Worse performance with Flowable 6.8.0 compared to 6.6.0 (Global acuqire lock feature)

Hello Flowable colleagues,

After adopting the newest flowable (6.8.0) I have noticed a performance degradation of about 50% of our service with global lock disabled (default). After some investigation into which default parameters were changed, I saw:
maxTimerJobsPerAcquisition was increased from 1 to 512
maxAsyncJobsDuePerAcquisition was increased from 1 to 512
After setting them to 1 as in flowable 6.6.0, the performance is again normal (not slower).

After enabling the global lock the performance is even worse. Tried modifying maxTimerJobsPerAcquisition and maxAsyncJobsDuePerAcquisition to 1 and the results were better but still slower.
Also tried to increase maxTimerJobsPerAcquisition, maxAsyncJobsDuePerAcquisition to 1024 and the queue size to 8192 (from 4) but the performance is still not that good.

Are there any known cases where the global lock might be actually slower? Any recommendation if these parameters are good for such a use case?

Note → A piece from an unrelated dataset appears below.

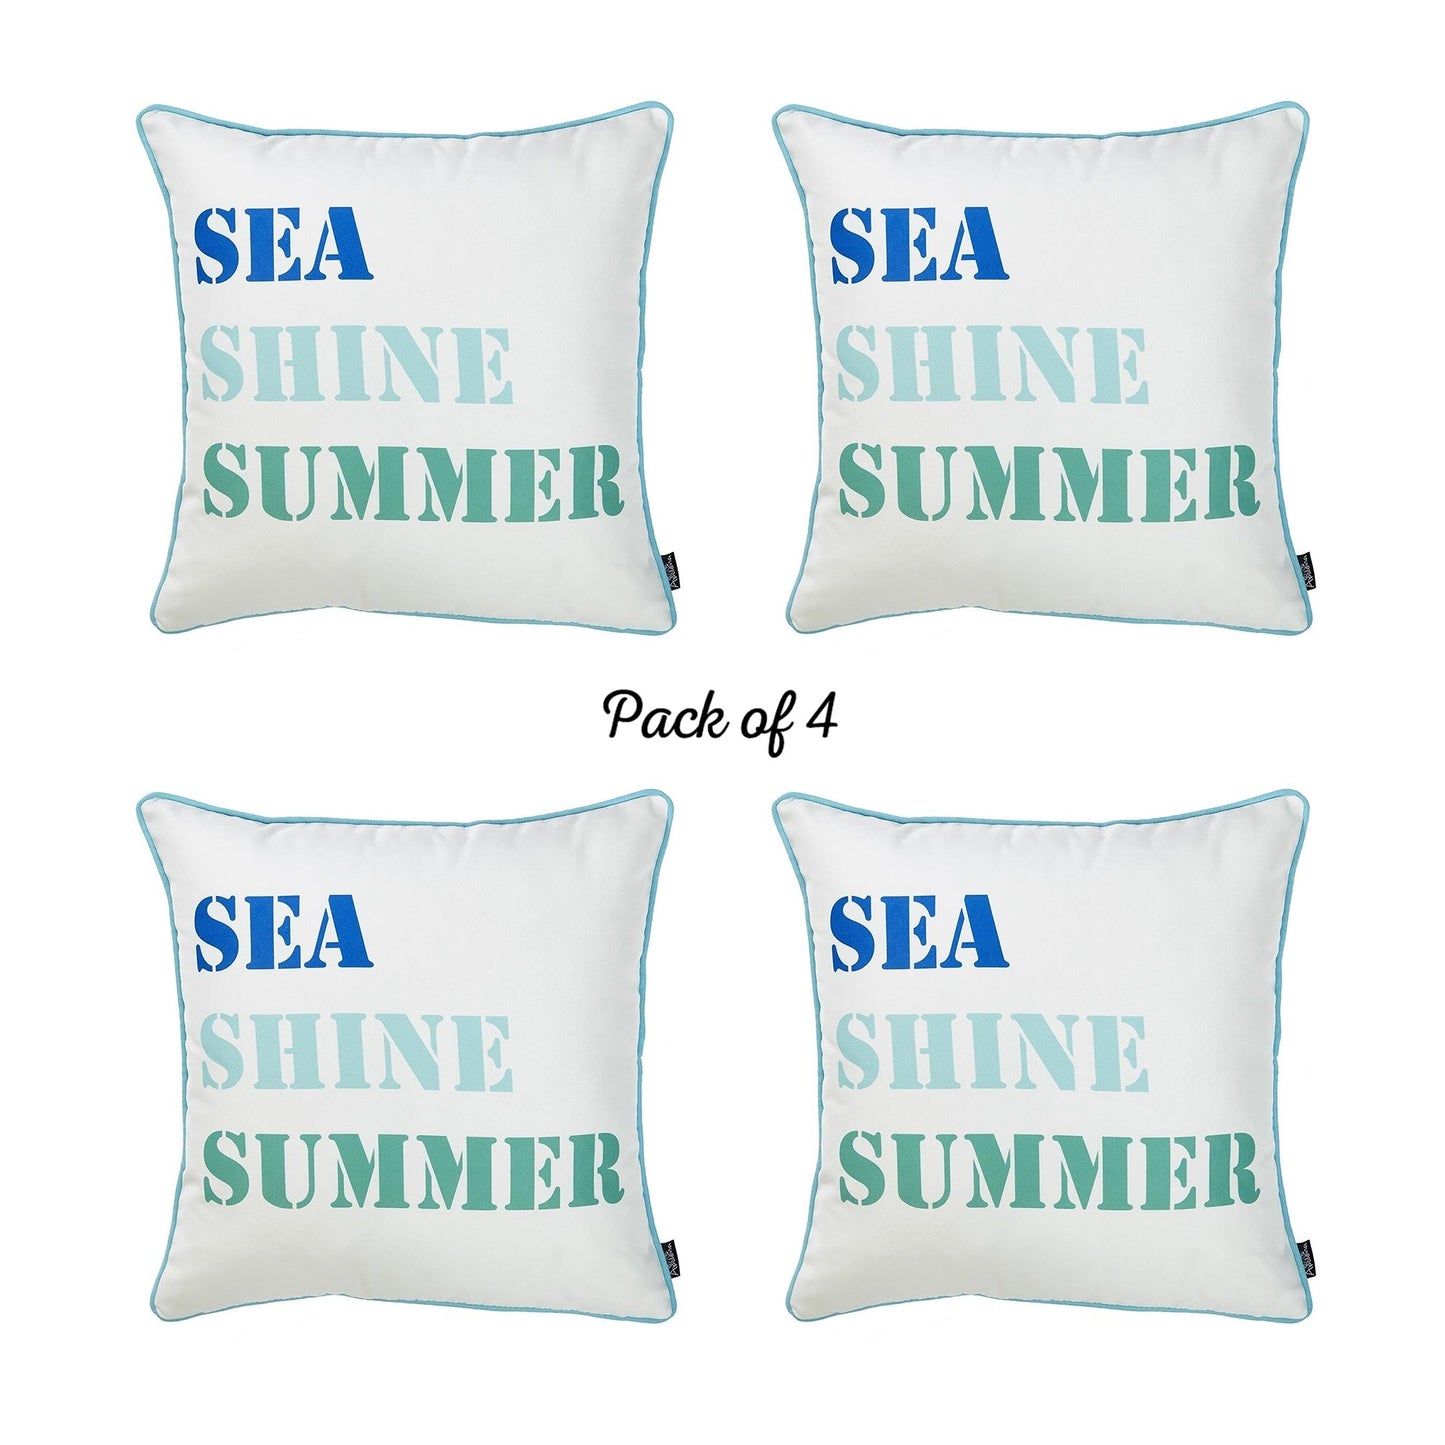 Marine Sea Shine Square 18" Throw Pillow Cover (Set of 4)

Our system parameters are:

  • 5 flowable engines (5 cloud foundry instances)
  • 4GB ram and 4GB disk
  • PostgreSQL DB with 16GB of RAM and 1000GB storage with 4 CPUs

Flowable Configuration

  • DefaultAsyncTaskExecutor
    • QueueSize - 4
    • CorePoolSize - 32
    • MaxCorePoolSize - 64
    • SecondsToWaitOnShutdown - 480
  • AsyncExecutor
    • AsyncJobLockTimeInMillis - 30 minutus
    • DefaultAsyncJobAcquireWaitTimeInMillis - 3 seconds

Our flowable processes contain a large number of Service tasks and parallel sub-processes.
Example diagram: https://github.com/cloudfoundry/multiapps-controller/blob/master/multiapps-controller-process/src/main/resources/org/cloudfoundry/multiapps/controller/process/deploy-app.bpmn

Full flowable configuration: https://github.com/cloudfoundry/multiapps-controller/blob/master/multiapps-controller-web/src/main/java/org/cloudfoundry/multiapps/controller/web/configuration/FlowableConfiguration.java#L77

Best regards,
Ivan

Hey @IvanDimitrov,

What exactly are you measuring to notice the 50% degradation?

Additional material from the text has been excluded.